About

“Judgment Of The Pharaoh” is a blog dedicated to reviews of Yu-Gi-Oh! cards. However, tries to be different from others by giving a more friendly pointview on each card.

The real fun part of this game is often in casual play. You can build any Deck you can think of due this game doesn’t rely on resources like mana in Magic: The Gathering, and as long you find a strategy to play your cards, everything works. You can either play a pure-themed build, or mix two or more together to create something unique and/or sharing sinergy.

However and as many other games, casual play ends most of the time bashed by the competitive play. Konami knows the big bucks comes from the tournaments, so prints the cards which becomes popular in the OCG (Japan) on high rarities or in special products where their pull rating is very low. With clearly strong archetypes or supporting effects releasing in each set, is easy to notice this pattern in every booster.

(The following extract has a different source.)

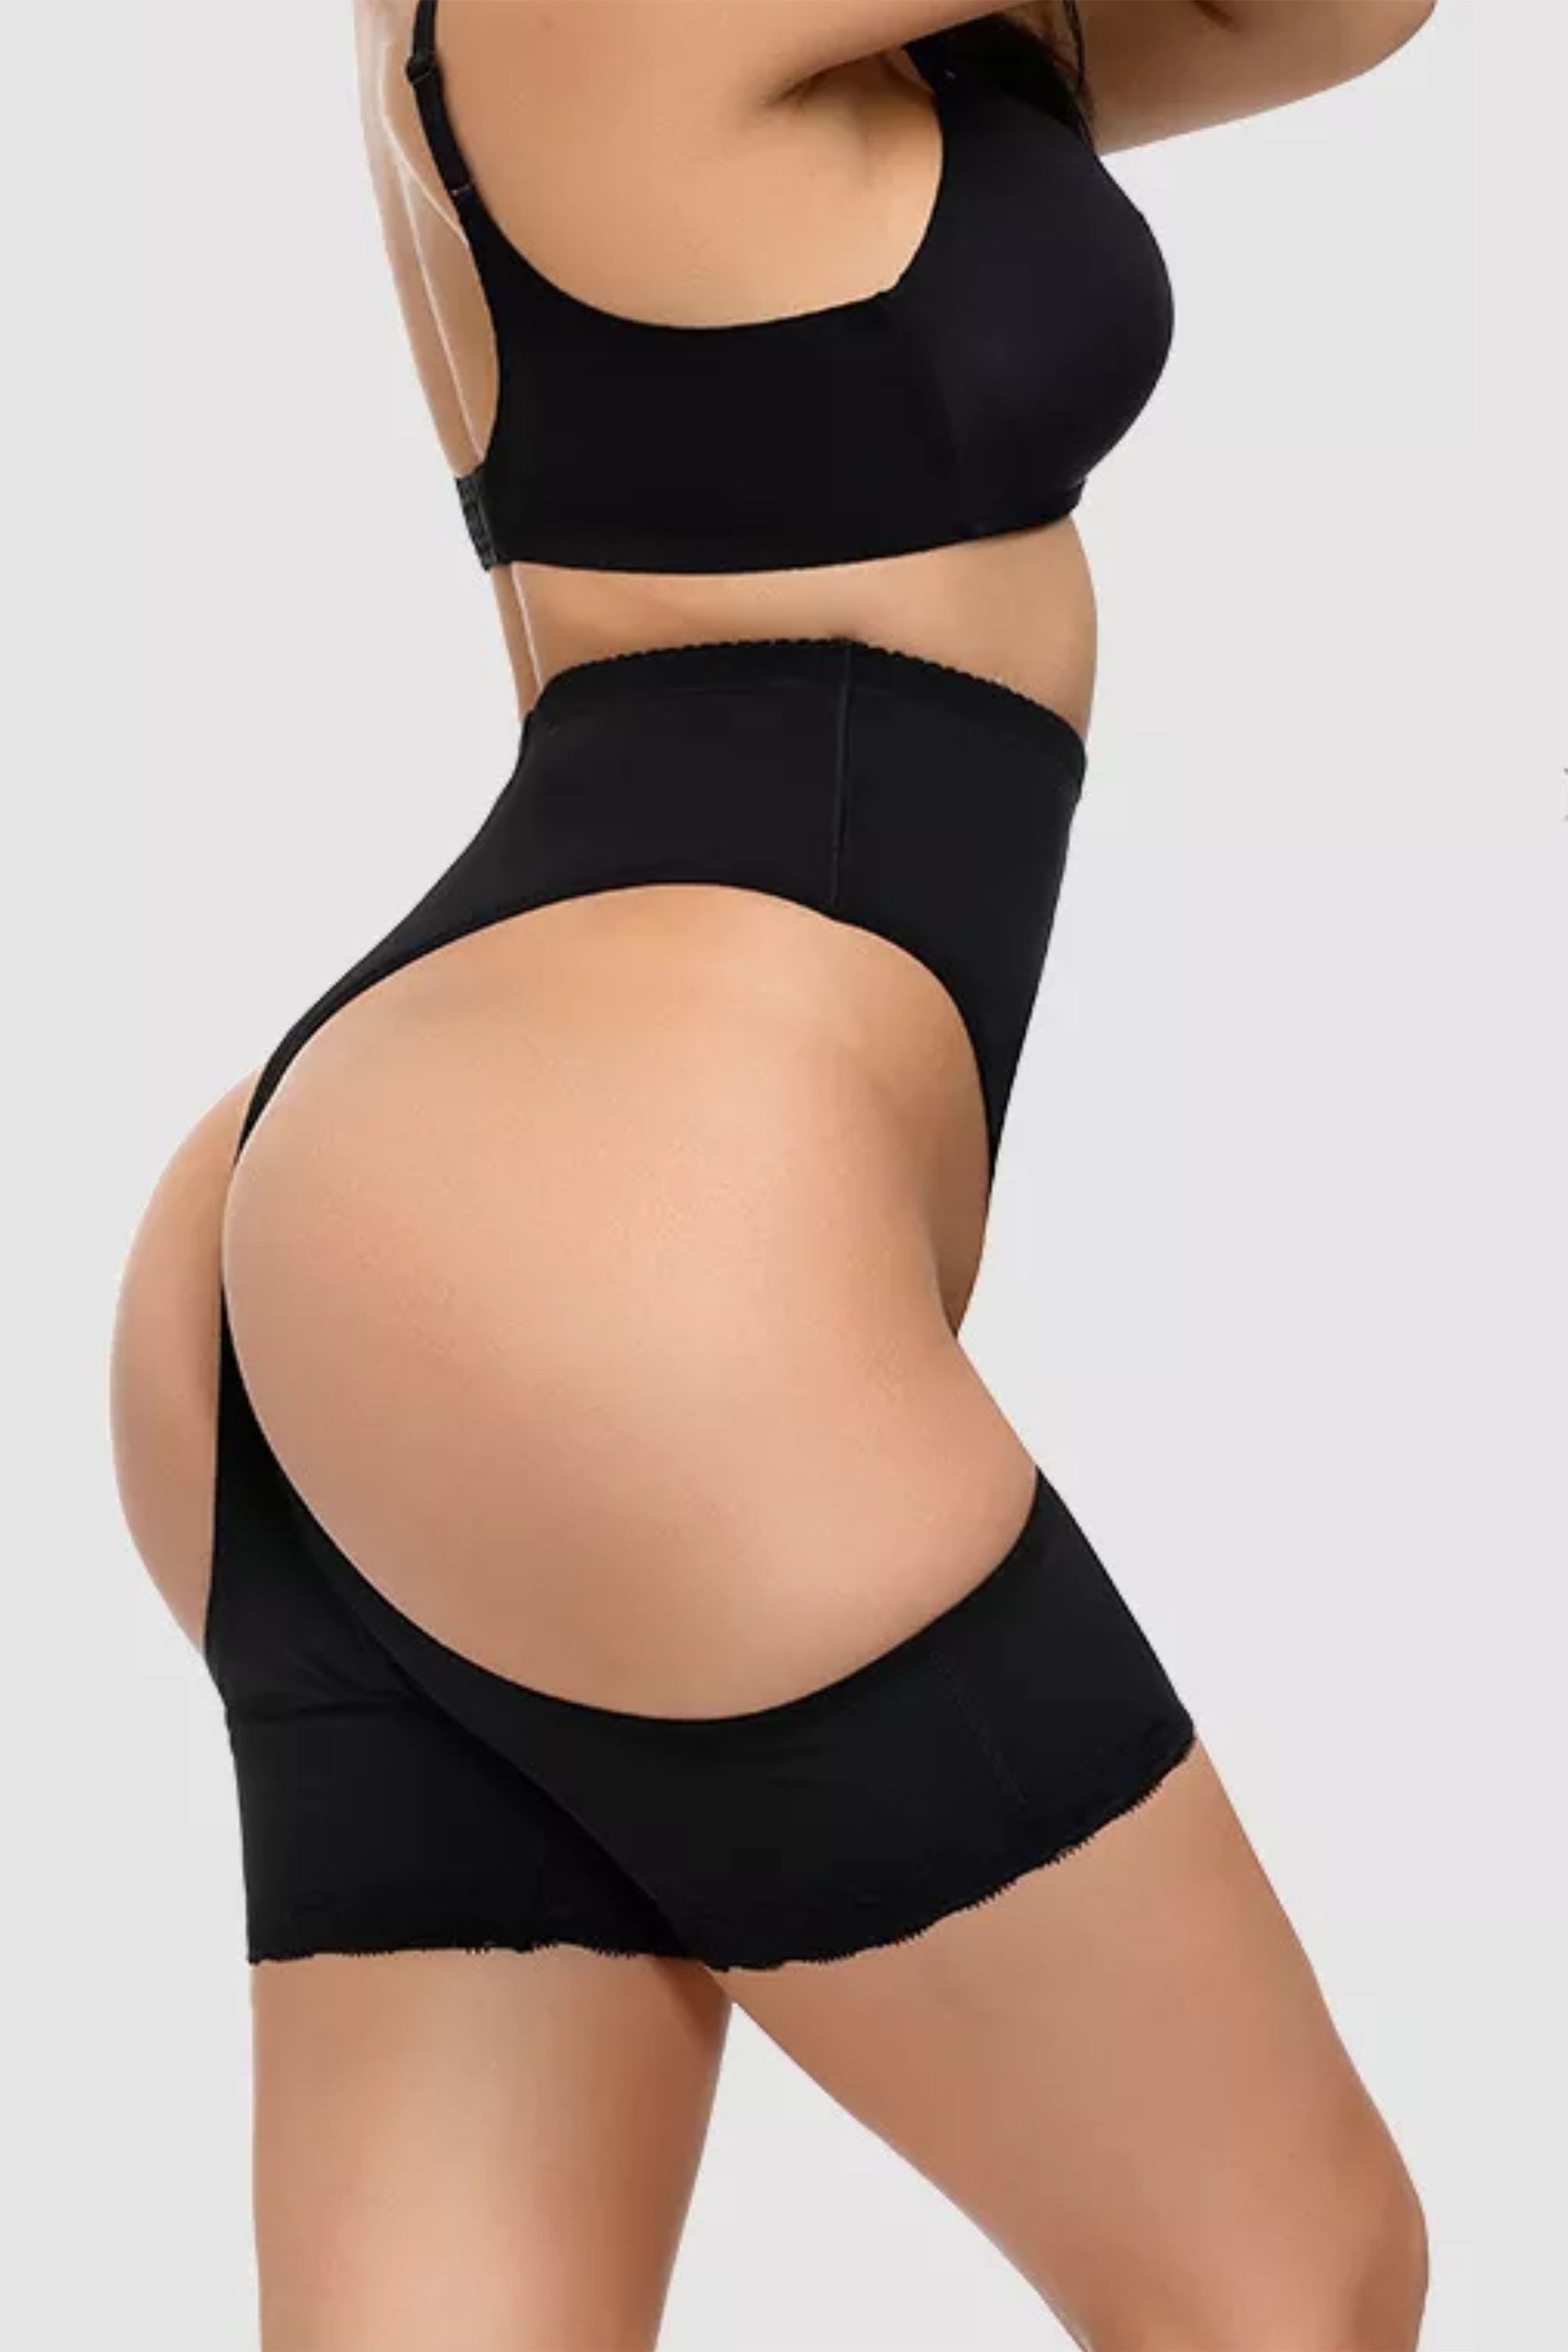 Chiloti modelatori Lily - push-up & corset - Negru

In each set, there’s always a new group of monsters which as soon are out they’ll immediately become part of the metagame, while the rest is an archetype which will be highly supported in future expansions. The rest of the set are cards coming out from the series and/or cards you will never see any play, sometimes called as filler. On the good side, non-competitive players get more solid decks to play even after they are out of the metagame and at low value.

So basically, Konami releases a 100-card booster, when maybe only 5 of said set or certain archetype cards we see them played, and the rest are treated like garbage unless someone finds out a powerful combo or Konami decides to release support to make them the new competitive Deck. In the end, the tourney metagame ends with 4-5 decks being played over and over, sometimes even on casual play.

And then Konami makes a new banlist. Meta decks loses their potential, their ace cards become reprinted in lower rarities, and now to wait for Konami to release another powerful archetype to spend maybe $1000 minimum in a new deck. If we ignore the fun decks which makes this game entertaining, the game mostly goes arround 5-6 decks rotating banlist after banlist.

Yet, the gameplay outside of said Tourney hell is absolutely fun. You see a big number of original, yet powerful decks by their own merits. With unusual combos which can easily beat even the most expensive Deck in a glimpse. Even old rulers of the Metagame gets another chance to shine among the diversity of decks to pick and create. While competitive is too serious for creativity and second chances as they empty wallets, everything goes in casual once you have a deck.

This blog wants to proof no matter what competitive players makes you think, you can play any card as well as the $100 cards people runs. Most reviews in “profesional” sites always goes for the worst case scenarios, and comparing the cards against high tier decks and the most recent metagame. Basically, they don’t see the card outside of a competitive environment or in a situation with everything against your favor. Every card and setup pretty much can be negated or chained and there are several situations where a powerful deck can be devastated by a counterstrategy. So making an underrated card look bad because is affected to common hazards is quite pointless.

Wanna play a deck with “Morinphen”. Sure, we will give you ideas about how to beat “Evolzar Laggia” with said monster. You can request a review of any cards you think of. No matter if are obscure, obsolete, metagame, or just because your favorite character uses it. We will think positive and show you what uses and combos you can get with it, the difficulty to play it, or even the reasons why certain cards are forbidden.

As personal preference of the blog, we will also try to post the OCG version of certain cards to show their original artwork rather any heavy edits during localization (Or in a few cases the TCG scan being of poor quality, normally Secret Rares).